Exercise:
Reproduce exactly, leaving out pictures, each line from the one holding "Sample board meeting" through the final line of the listing, and add nothing.

Given material:
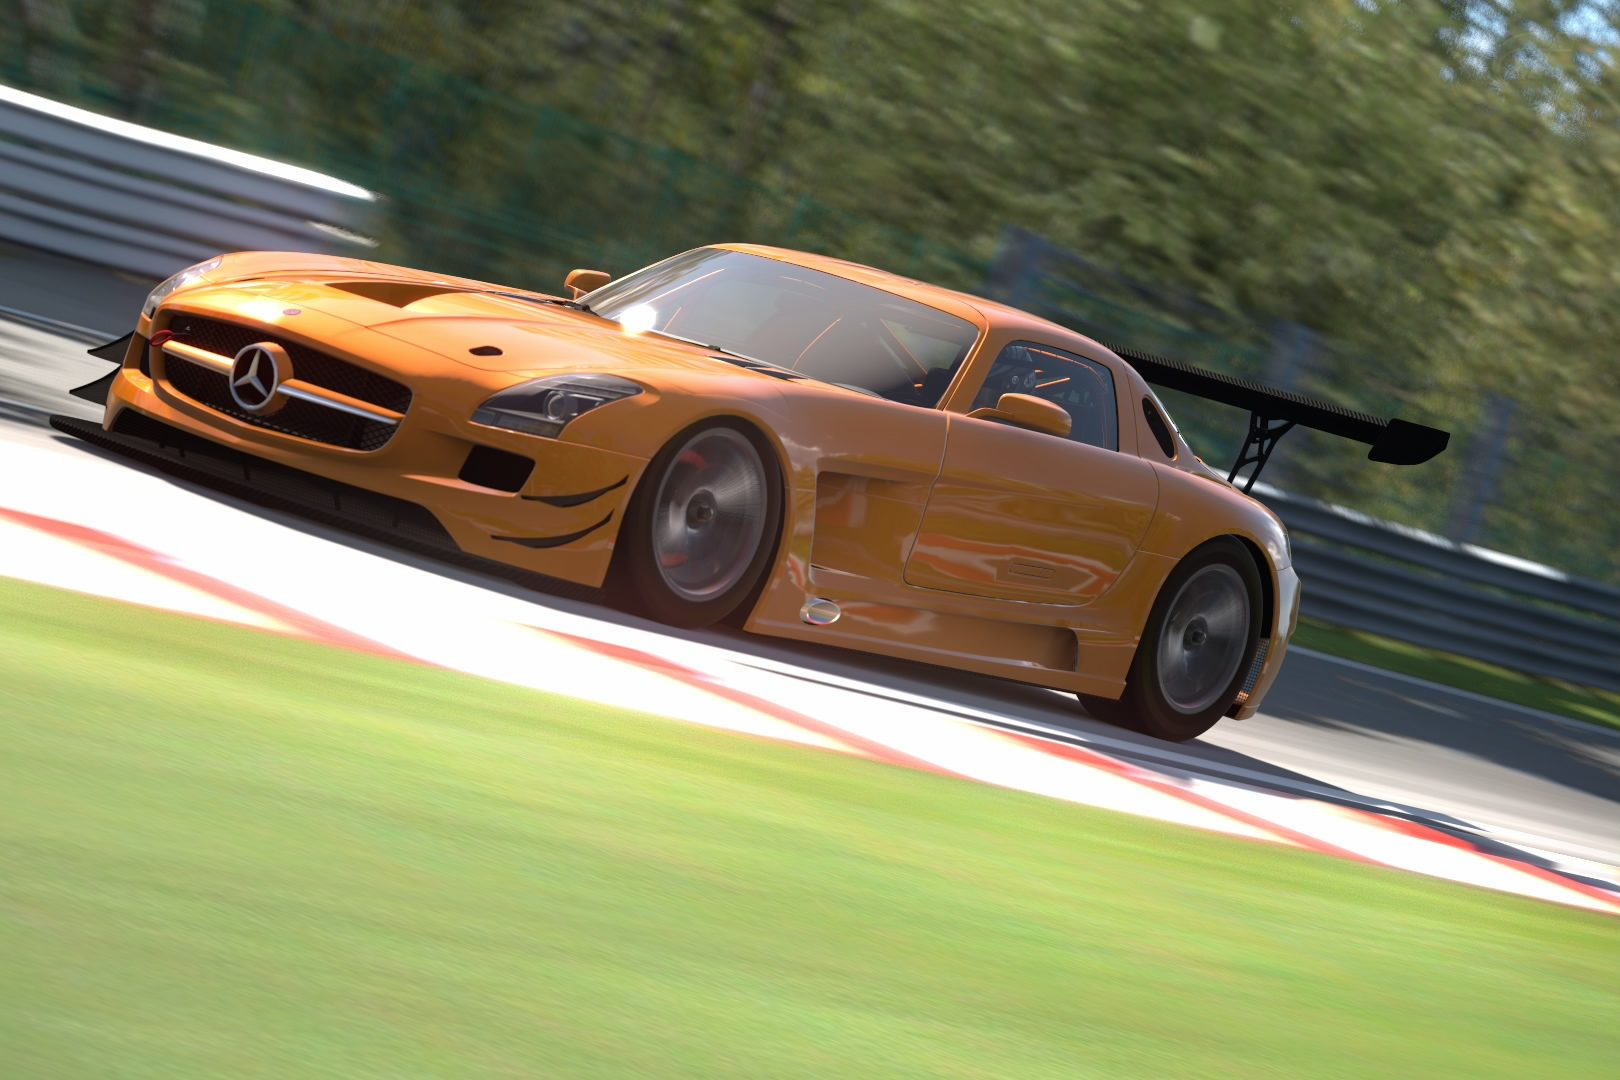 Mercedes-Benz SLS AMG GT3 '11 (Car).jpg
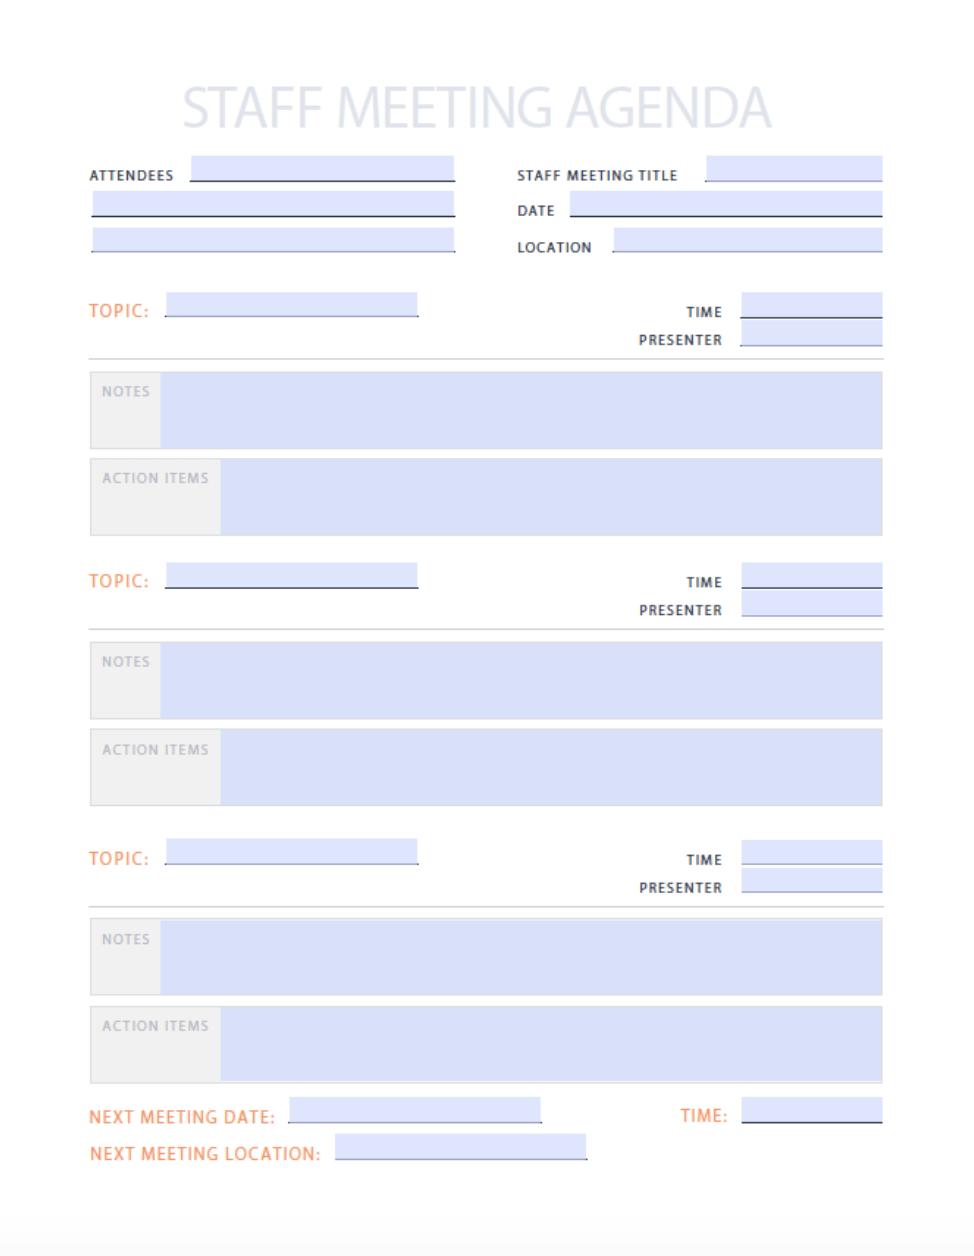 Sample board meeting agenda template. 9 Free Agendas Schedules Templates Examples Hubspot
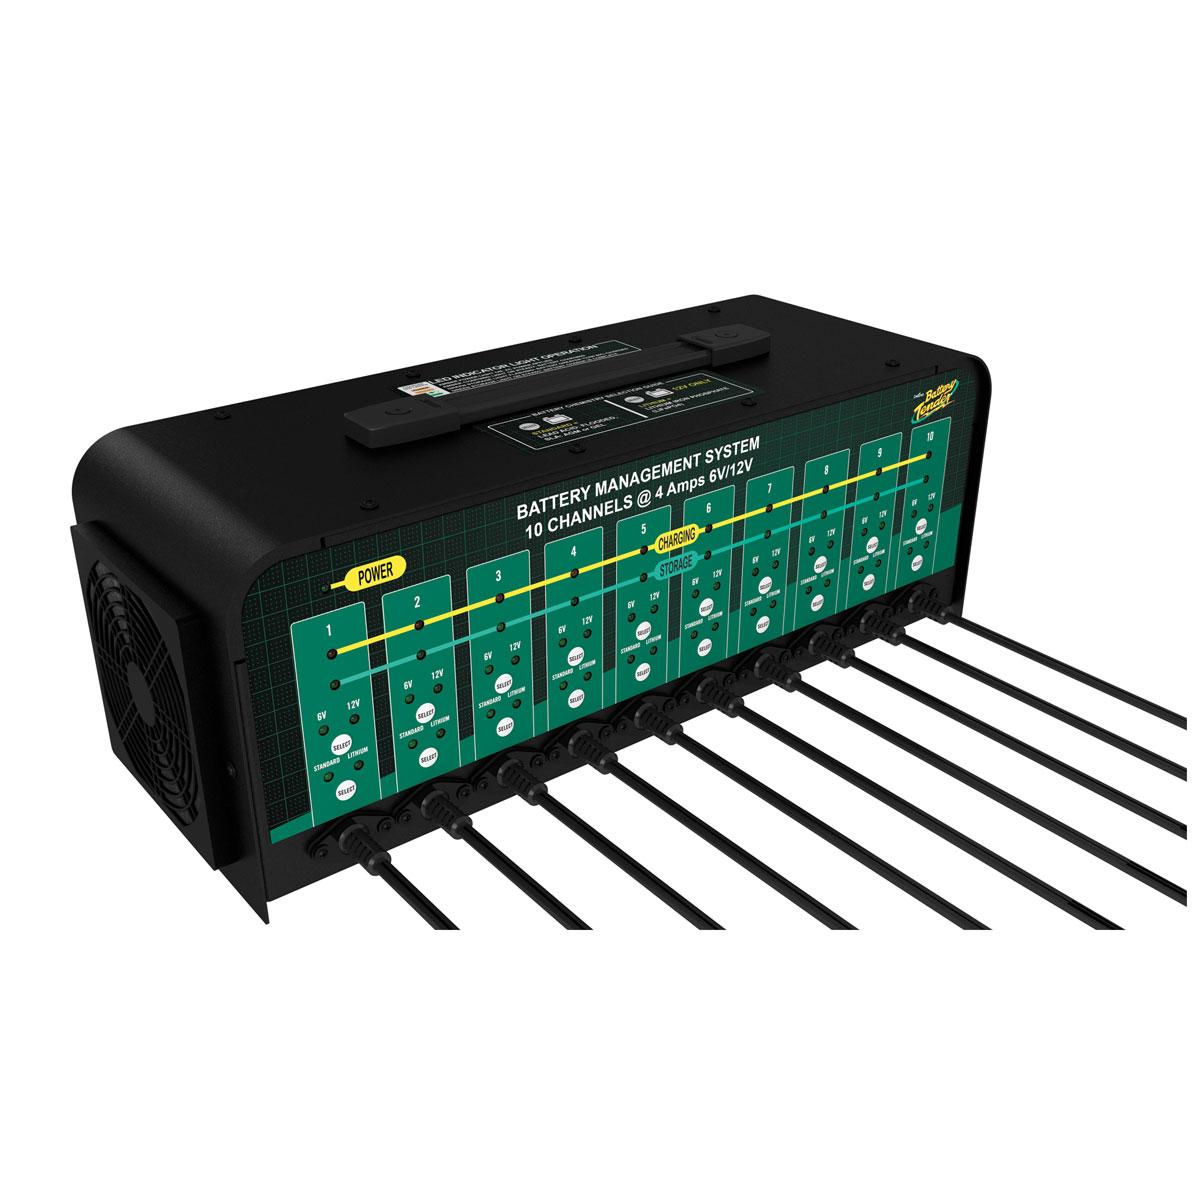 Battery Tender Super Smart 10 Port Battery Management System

Written solution:
 Sample board meeting agenda template. 9 Free Agendas Schedules Templates Examples Hubspot
 Battery Tender Super Smart 10 Port Battery Management System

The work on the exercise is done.